The logbook loan lender is given ownership of your car until you fully pay back the loan, although the lender owns the vehicle, you can continue driving it as normal.
Read this guide to learn more about how logbook loans work, how much they cost, what the risks and benefits are, as well as the best alternative loans available if you have bad credit or are looking for short term financing.
Bad credit? Been refused credit in the past? You can still find a loan without resorting to payday lenders
Logbook loans can be more risky than other more mainstream types of secured lending. Should you fail to pay back the loan, the logbook loan lender will take away your vehicle.
On top of this, after repossessing your vehicle, if the logbook loan lender does not get the full amount of the loan back from selling your car then you are still required to pay back the shortfall.
So for example, if you failed to pay back a remaining £1,000 of your loan and the logbook loan lender seized your vehicle and sold it for £800, you would still owe the remaining £200.
Logbook loan lenders can also take you to court to enforce this rule if you fail to comply immediately.
Considering the cost, why do people even take out logbook loans? Many logbook loan lenders would argue that the mainstream lending industry does not cater enough to people who have bad credit and those who need to get hold of some money quickly.

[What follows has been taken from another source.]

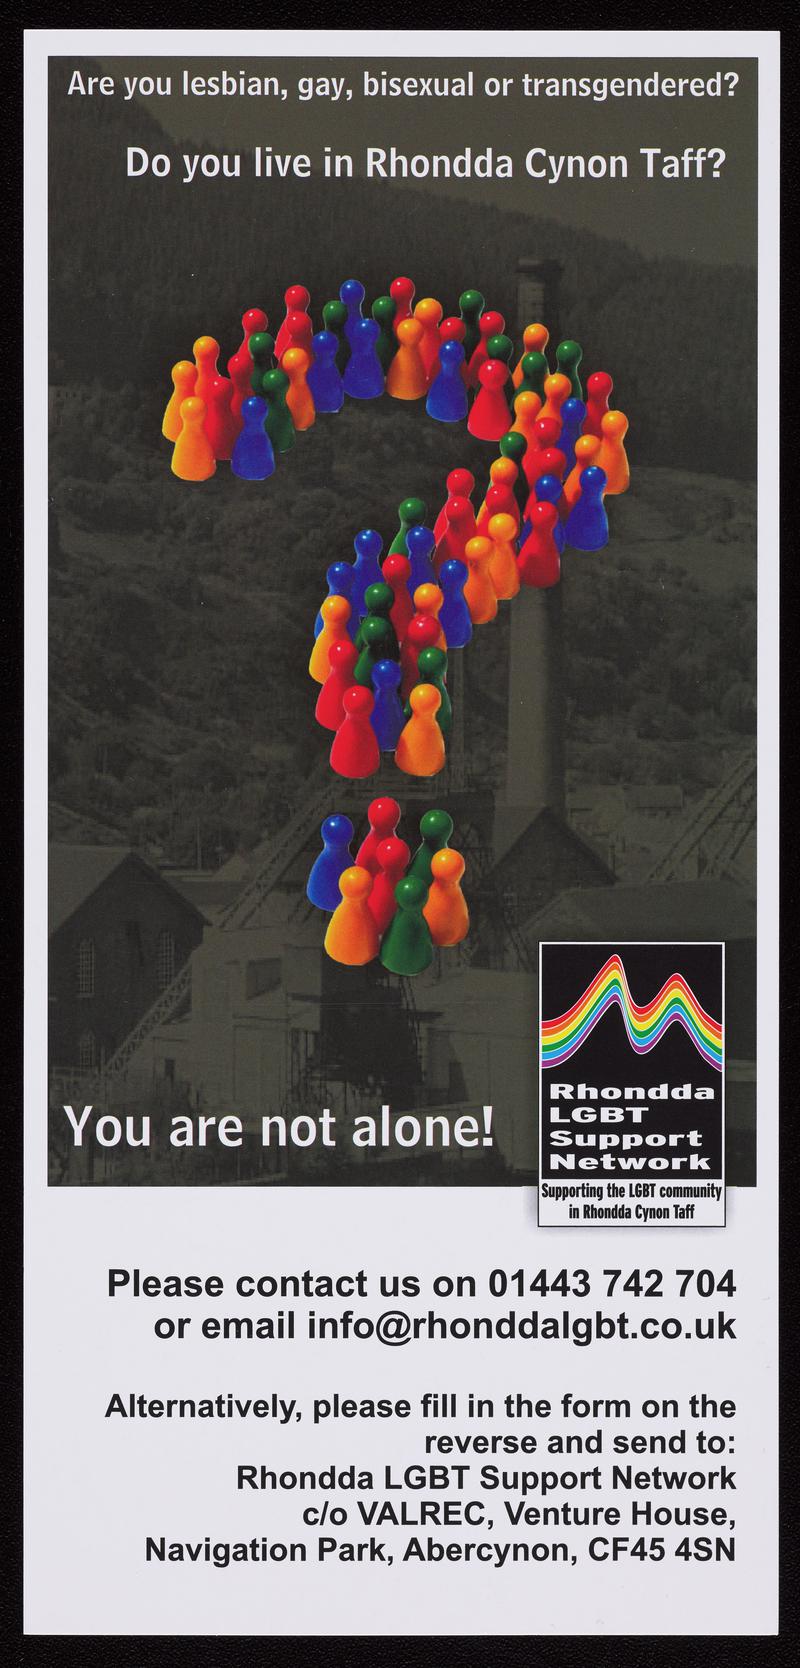 Leaflet and Member Application to join Rhondda LGBT Support Network.

Similarly, payday loans, despite huge interest rates and risky penalty deadlines, have found a gap in the market, which many mainstream lenders have struggled to fill.
Depending on how much your car is worth, you should be able to borrow from around £500 up to around £50,000 from a logbook loan lender.
Many logbook loan lenders are not as likely to lend you the full amount your car is valued at. Therefore, you're more likely to receive less than what your car is valued at, so if you are looking for more than that, then a logbook loan might not be right for you.
In order to take out a logbook loan you need to be the owner of a vehicle valued at over £500 with no finance outstanding on it, although in some cases if there is finance outstanding you can get permission from your existing lender to take out a logbook loan.
When you take out a logbook loan, the lender will ask you for your vehicle registration documents and your vehicle's logbook. These documents prove you are the owner of the car and so this gives the logbook loan lender the right to ownership of your vehicle.
If you do decide to take out a logbook loan be sure to read through the credit agreement carefully so you understand what the payment deadlines are and what the penalties are if you miss a payment.
Ask yourself if you will be able to keep up with the repayments every step of the way, and if there's any chance you might miss one, think about if it's worth the risk of losing your car, and possibly worse.
So long as you meet all of your logbook loan repayments you will still be able to drive your car, but the logbook loan lender will have temporary ownership of the car, until the debt is fully repaid.
Once you have handed over the vehicle documents to your logbook loan lender, you will receive your loan by cheque, which should take a few days to clear at your bank.
Some logbook loan providers are able to offer a quicker service, giving you the loan in cash, but this often comes at an additional fee of up to around 4% of the loan.
Your repayment period on a logbook loan is likely to be around 18 months, but some providers will let you repay the logbook loan earlier.
Make sure you know how the agreement works as some logbook loan lenders will ask you to pay back only the interest for most of the duration of the repayment period, but then ask for the rest back in the last few payments. This means you would need to have saved up your repayments in anticipation of this.
There are some websites that allow you to compare logbook loans, and some websites where you may even be able to get a logbook loan instant quote.
However, when people search for cheap logbook loans, they are unlikely to find what most of us would consider to be 'cheap', be it online or on the high street. Logbook loans are notoriously expensive and come attached with a higher risk than most other types of loans and credit cards.
What's more, you could be paying back more in interest than you initially borrowed when taking out a logbook loan. Many logbook loans have an APR of around 100% to 300%, and sometimes much higher.
Logbook loans are some of the most expensive ways to borrow money, so it's certainly worth your time and money shopping around for a cheaper alternative.
Unsecured personal loans are generally cheaper, but can be harder to get if you have a bad credit score or have had trouble being approved for a loan in the past.
If you are a homeowner then a secured loan still carries a lot of risk, as it means your home could be repossessed if you fail to keep up with repayments, but they are still much cheaper than logbook loans. However, they are more suited if you want to borrow upwards of £10,000.
If you are looking for a cheaper short term financing alternative to logbook loans, then consider taking out a bad credit credit card as the lenders are more likely to accept people who have been rejected before.
Alternatively, ask your bank to see if they will give you an overdraft with more flexible terms or take a look at our bad credit loans comparison table.
The last thing you want is to be straddled with debt you may not be able to afford six months or 12 months down the line, and then to have your car seized, so do your research and read up on our guides on how to improve your credit score before even thinking about comparing logbook loans.